MENU

Bosch Nonsupport Measure

Bosch Nonsupport Measure is a 33-item tool designed to assess the lack level of social support that women in abusive relationships have from someone in their community. Four difference forms of nonsupport are measured: General nonsupport, informational nonsupport, emotional nonsupport and physical nonsupport.

Categories

Geographies Tested: United States of America

Populations Included: Female

Age Range: Adults

Items:

During your abusive partner relationship this person...

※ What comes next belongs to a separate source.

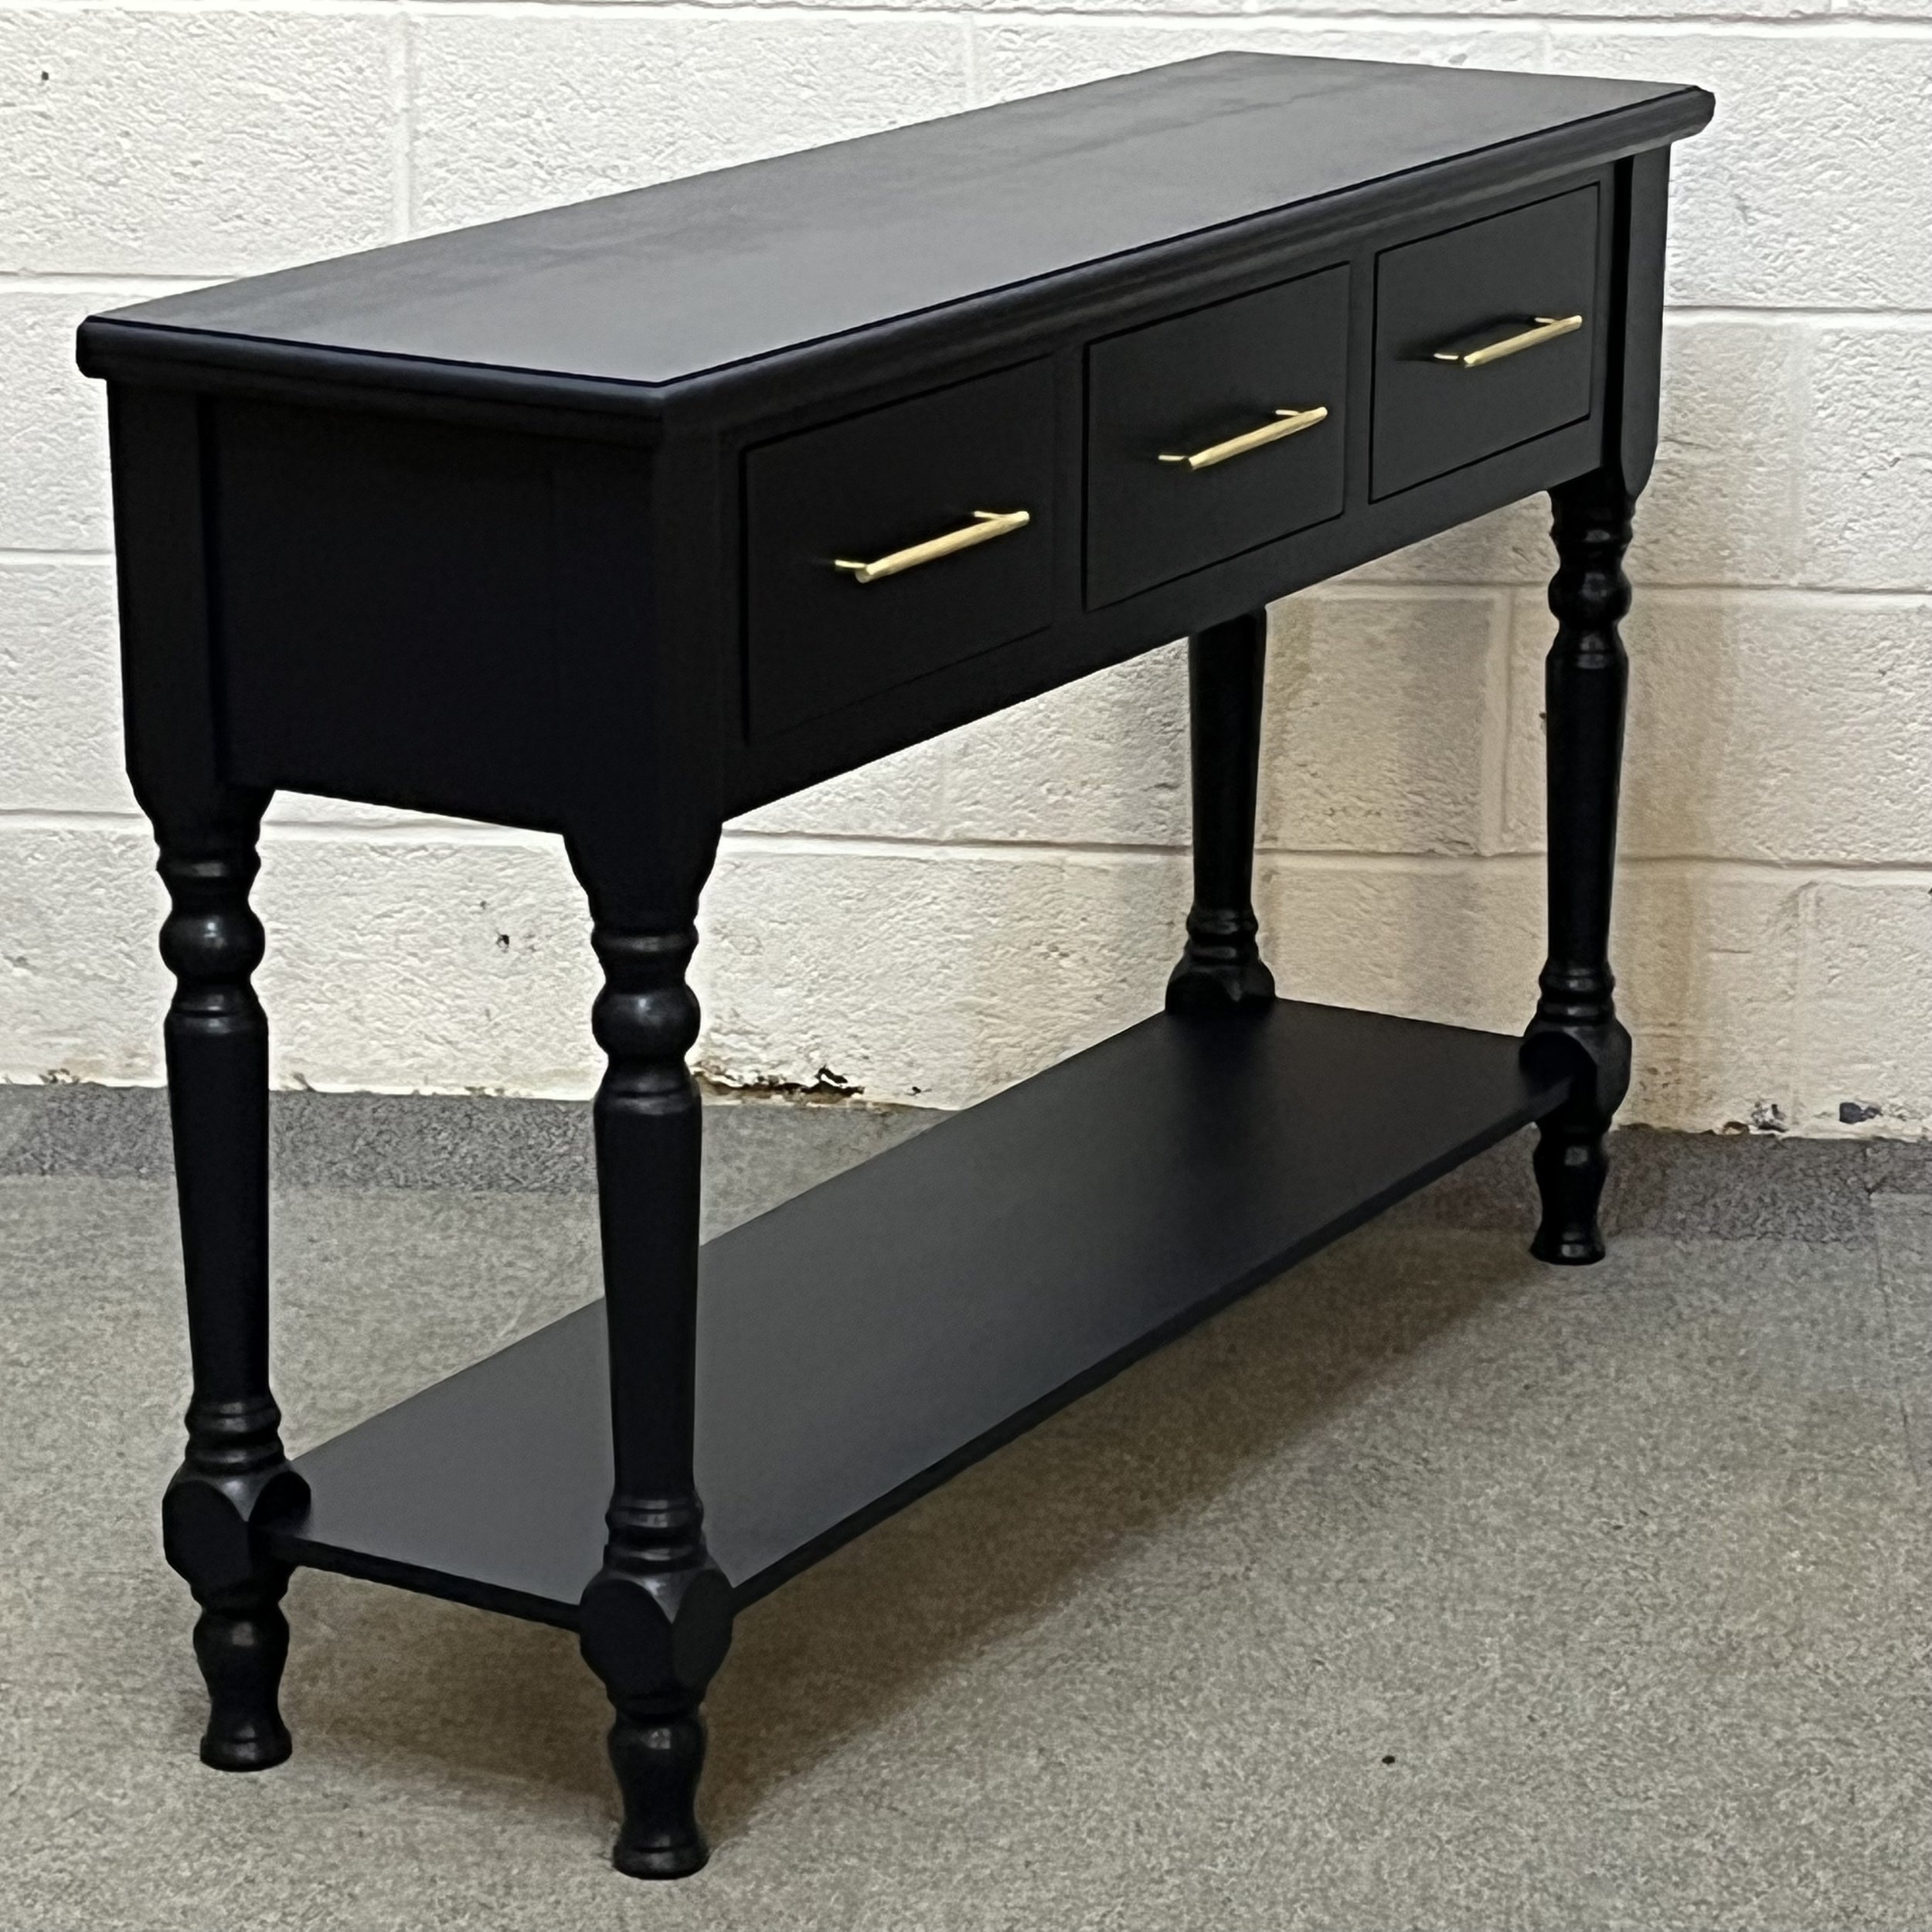 Painted Pine Console Table with 3 drawers

General nonsupport (All types of support)
1. Gave you discouraging advice or help and questioned your decisions (judgmental).
2. May not have helped you if you asked or needed help (not consistent or dependable).
3. Gave you help you didn't really want or need.
4. Got frustrated or upset with you when you didn't take their advice or accept their help.
Informational nonsupport
5. Encouraged you to listen to your partner and cater (submit or give in) to his wishes.
6. Have you their opinion or told you what to do but didn't ask you what you thought best for you (and your children). Emotional nonsupport
7. Backed away from you or avoided you when they found out about the abuse.
8. Thought you should be the one to change (not your abusive partner) or that you should change enough to prevent or stop abuse. (Got to counseling, not get angry.)
9. Encouraged you to forgive your abusive partner for anything he did and not complain about his behavior.
10. Tried to placate (appease) you and tell you it was going to get better.
11. Ignored his abusive behavior.
12. Really didn't want to know about the abuse (felt uncomfortable, frightened, etc.).
13. Didn't believe your story.
14. Thought you probably couldn't find a better husband/partner, even though he was abusive.
15. Wanted you to handle your situation (the abuse) on your own.
16. Thought you probably deserved to be abused (being a bitch, being a nap, expecting too much from him, etc.).
17. Thought you were overreacting or being too sensitive about your partner's abusive behavior.
18. Felt you should tolerate abuse from your partner in an effort to save your marriage/partner relationship and to prevent a breakup (especially with children involved).
19. Felt that you should get JOINT marriage counseling.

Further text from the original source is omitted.